La relance en France du procès de l’ancien chef rebelle congolais Roger Lumbala, accusé de complicité de crimes contre l’humanité commis entre 2000 et 2003, crée une onde de choc politique jusque dans les hautes sphères de Kinshasa. Selon plusieurs sources judiciaires, l’ex-député et ex-ministre congolais a demandé à la cour française d’entendre Jean-Pierre Bemba, actuel vice-premier ministre et ministre des Transports ainsi que le général Constant Ndima, ancien gouverneur militaire du Nord-Kivu, en qualité de témoins.
Cette requête, acceptée pour examen, relance des questions sensibles de l’histoire du conflit congolais, à un moment où le gouvernement congolais mène une campagne internationale pour la reconnaissance du Génocost, le génocide du peuple congolais.
Kinshasa, embarrassé par la tournure du procès, aurait pourtant souhaité que la justice congolaise se saisisse de l’affaire Lumbala. L’objectif, selon plusieurs observateurs, était de garder la maîtrise politique du dossier et d’éviter qu’il ne mette en cause des personnalités toujours influentes au sein du pouvoir. Mais la justice française, saisie sur la base du principe de compétence universelle, a rejeté la demande congolaise, confirmant ainsi sa volonté de conduire le procès en toute indépendance. Cette décision ouvre la porte à l’audition de 2 figures majeures de la scène politique et militaire congolaise, une perspective lourde de conséquences diplomatiques pour Kinshasa.
C’est dans ce contexte tendu que l’opposant Seth Kikuni a réagi avec fermeté, dénonçant ce qu’il qualifie de « test de cohérence grandeur nature » pour le président Félix Tshisekedi. Dans une déclaration publiée mercredi dernier, Kikuni estime que la demande d’audition de Bemba et Ndima met directement en jeu la crédibilité du chef de l’État :
« La requête introduite par Roger Lumbala tendant à faire comparaître Jean-Pierre Bemba et Constant Ndima en qualité de témoins dans le cadre de son procès, place le Président Félix Tshisekedi devant une exigence impérative de cohérence», a-t-il affirmé.

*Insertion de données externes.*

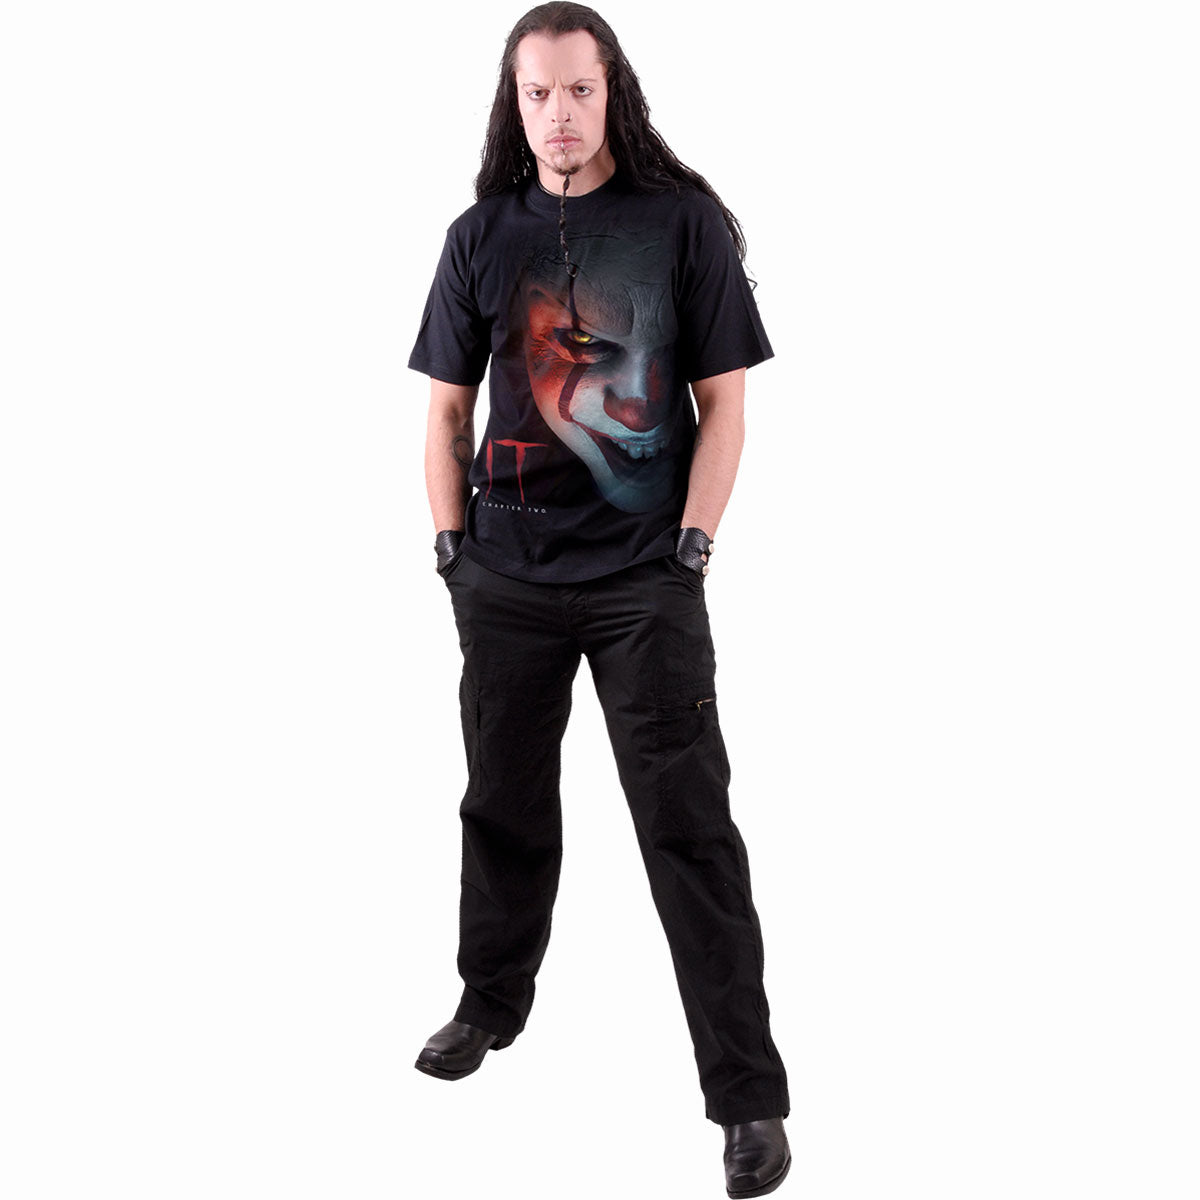 IT - PENNYWISE - T-Shirt Black

« Cette demande intervient à un moment où le gouvernement congolais s’est engagé activement dans une campagne internationale visant à obtenir la reconnaissance officielle du Génocost.», rappelle l’opposant.
Pour Seth Kikuni, le dilemme est clair : ou Félix Tshisekedi soutient l’indépendance de la justice, même au prix d’un embarras politique majeur, ou il tente de protéger Jean-Pierre Bemba, pilier de son gouvernement et partenaire politique clé, au risque de discréditer son combat diplomatique : « Si le Président refuse de céder sur ce dossier, le monde comprendra », se dit-on, insinuant que la transparence sur le passé des anciens chefs de guerre reste une condition essentielle à la crédibilité du pouvoir congolais sur la scène internationale.

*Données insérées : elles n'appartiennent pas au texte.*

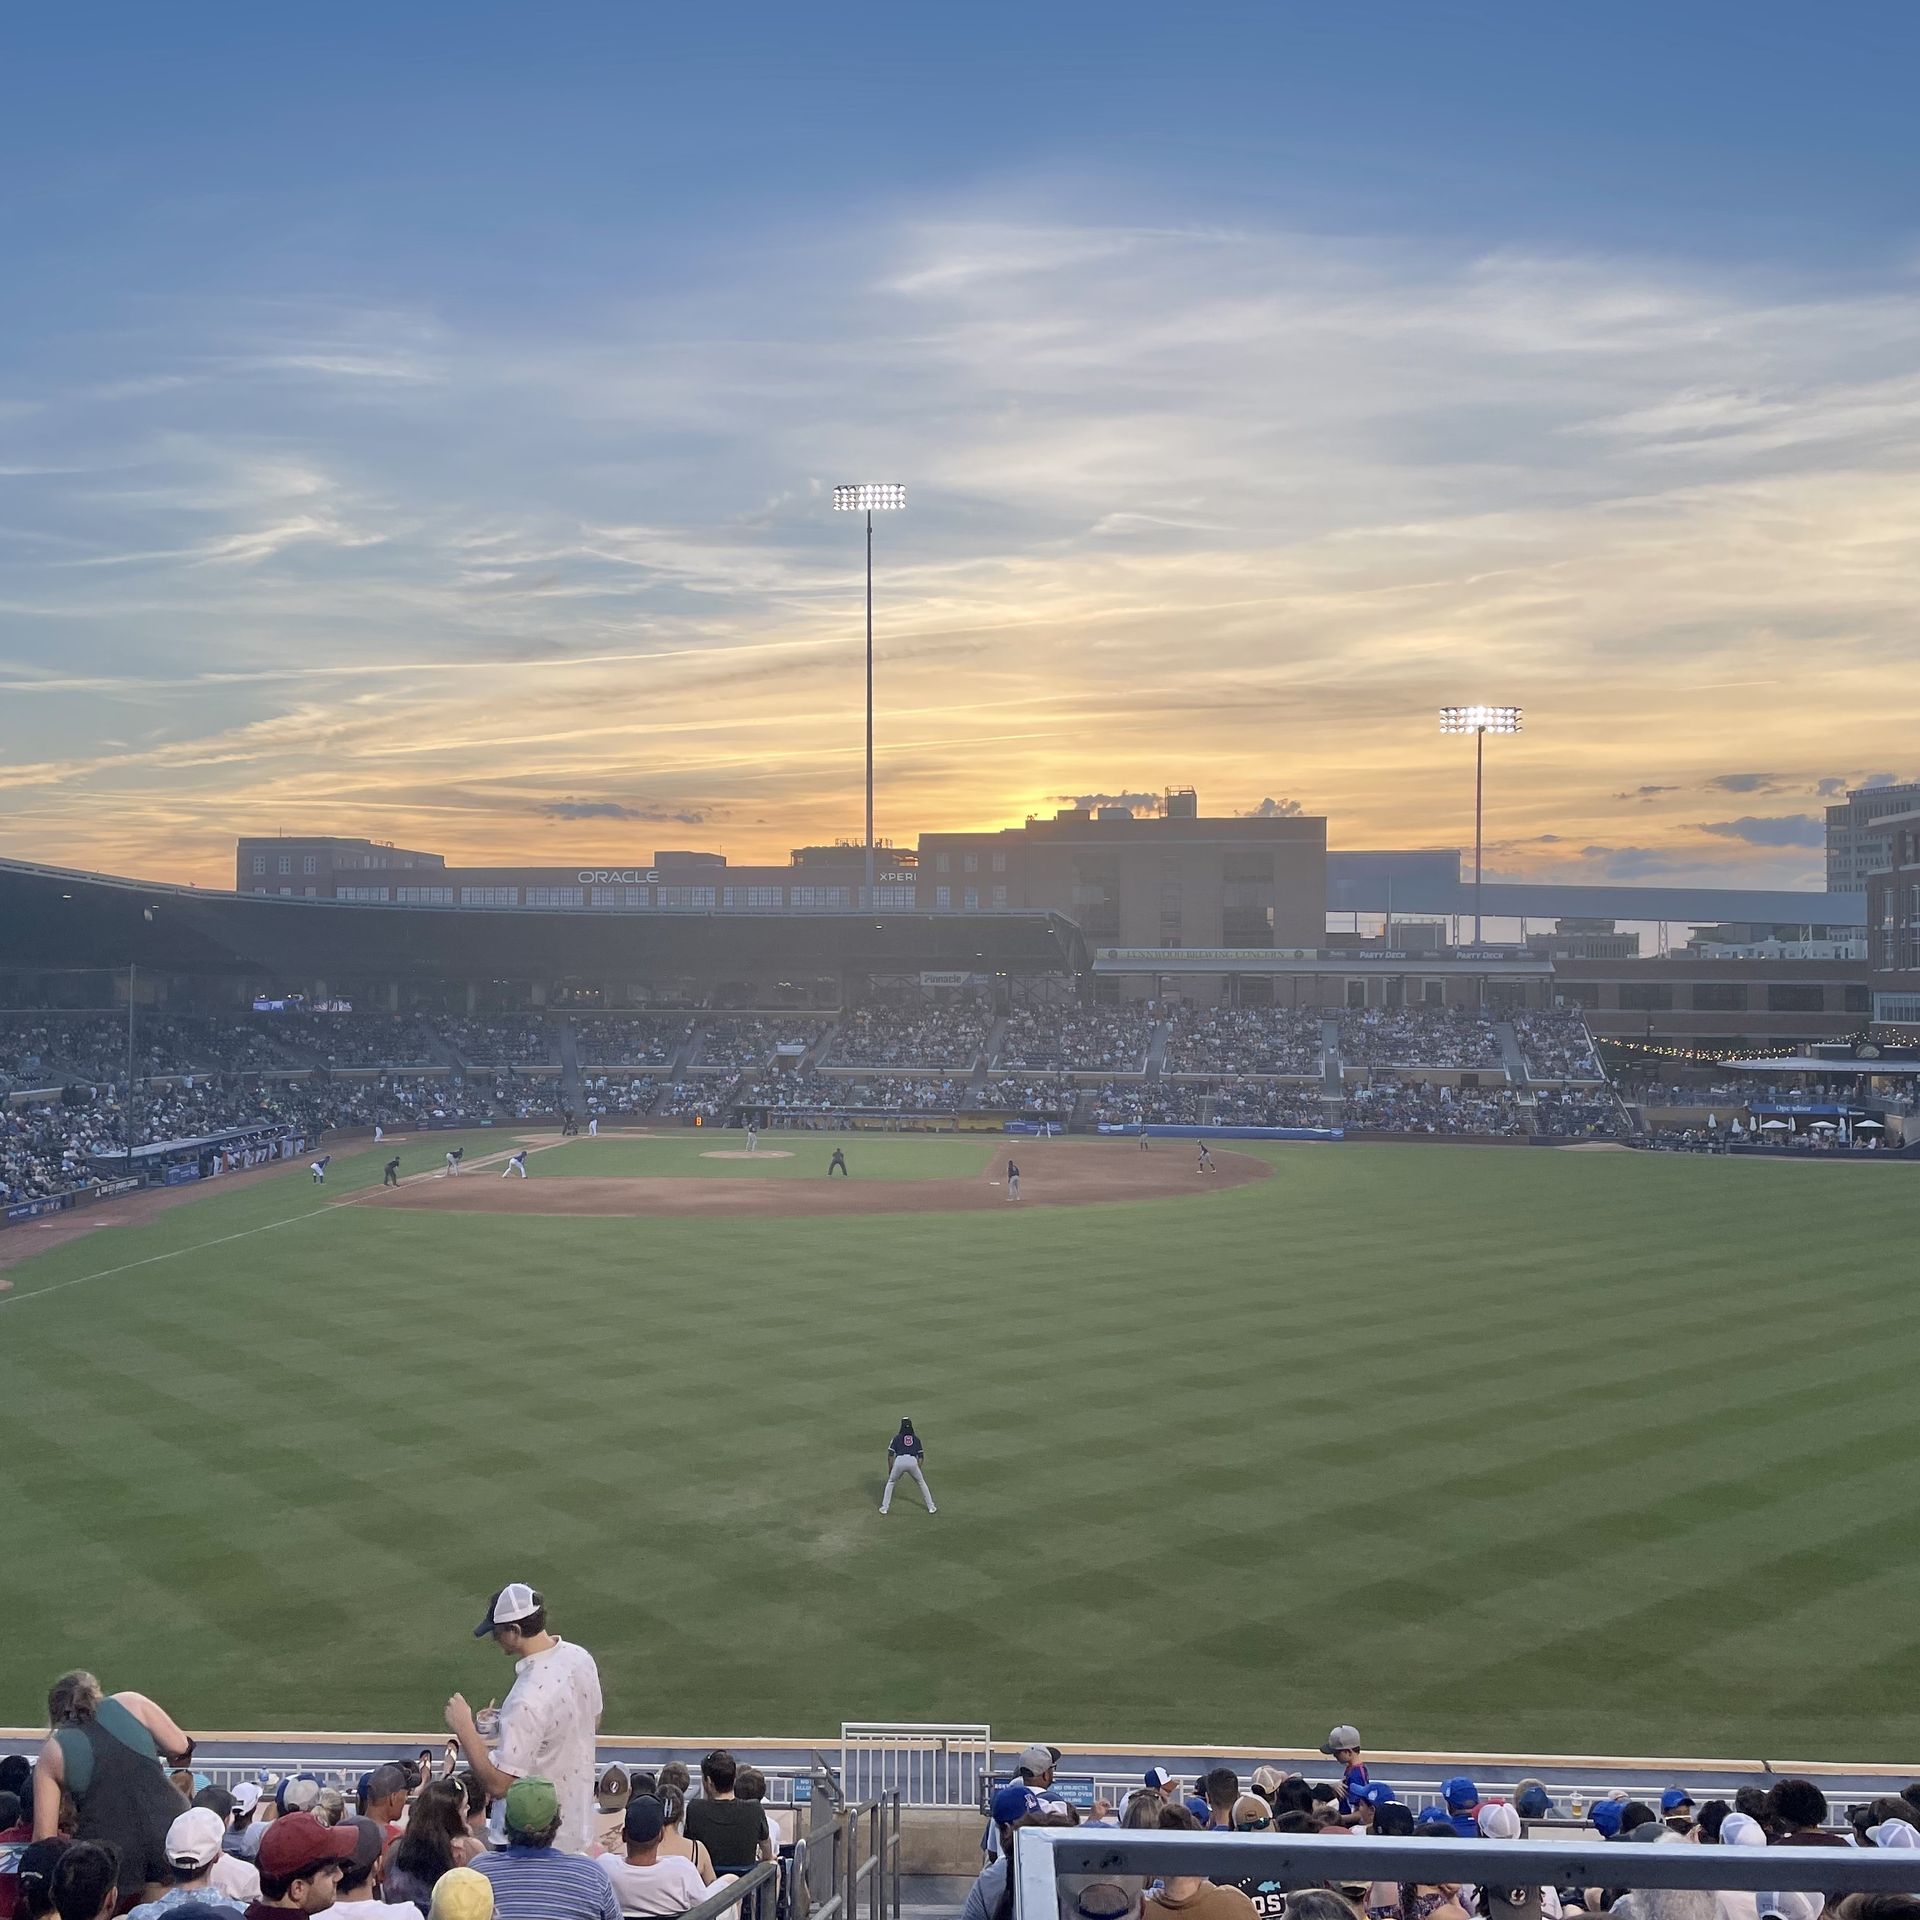 Durham Bulls on X: It's National Retro Day, which is a great

En toile de fond, le procès de Roger Lumbala en France ravive les zones d’ombre du conflit qui a déchiré l’Est du pays au début des années 2000. À l’époque, plusieurs territoires où les crimes reprochés ont été commis étaient sous contrôle du Mouvement de Libération du Congo (MLC), dirigé par Jean-Pierre Bemba. Ce dernier avait déjà été jugé par la Cour pénale internationale avant d’être acquitté, mais l’affaire Lumbala risque de réouvrir des plaies anciennes et de fragiliser le fragile équilibre politique du gouvernement actuel.
Pour de nombreux observateurs, cette séquence judiciaire pourrait devenir un moment charnière : un miroir moral dans lequel se reflèteront la sincérité du discours de Félix Tshisekedi sur la justice transitionnelle et sa capacité à dissocier l’État de ses alliances politiques. En attendant, le palais de la Nation retient son souffle : ce dossier, à la croisée du droit et de la politique, pourrait bien redéfinir les rapports de pouvoir à Kinshasa.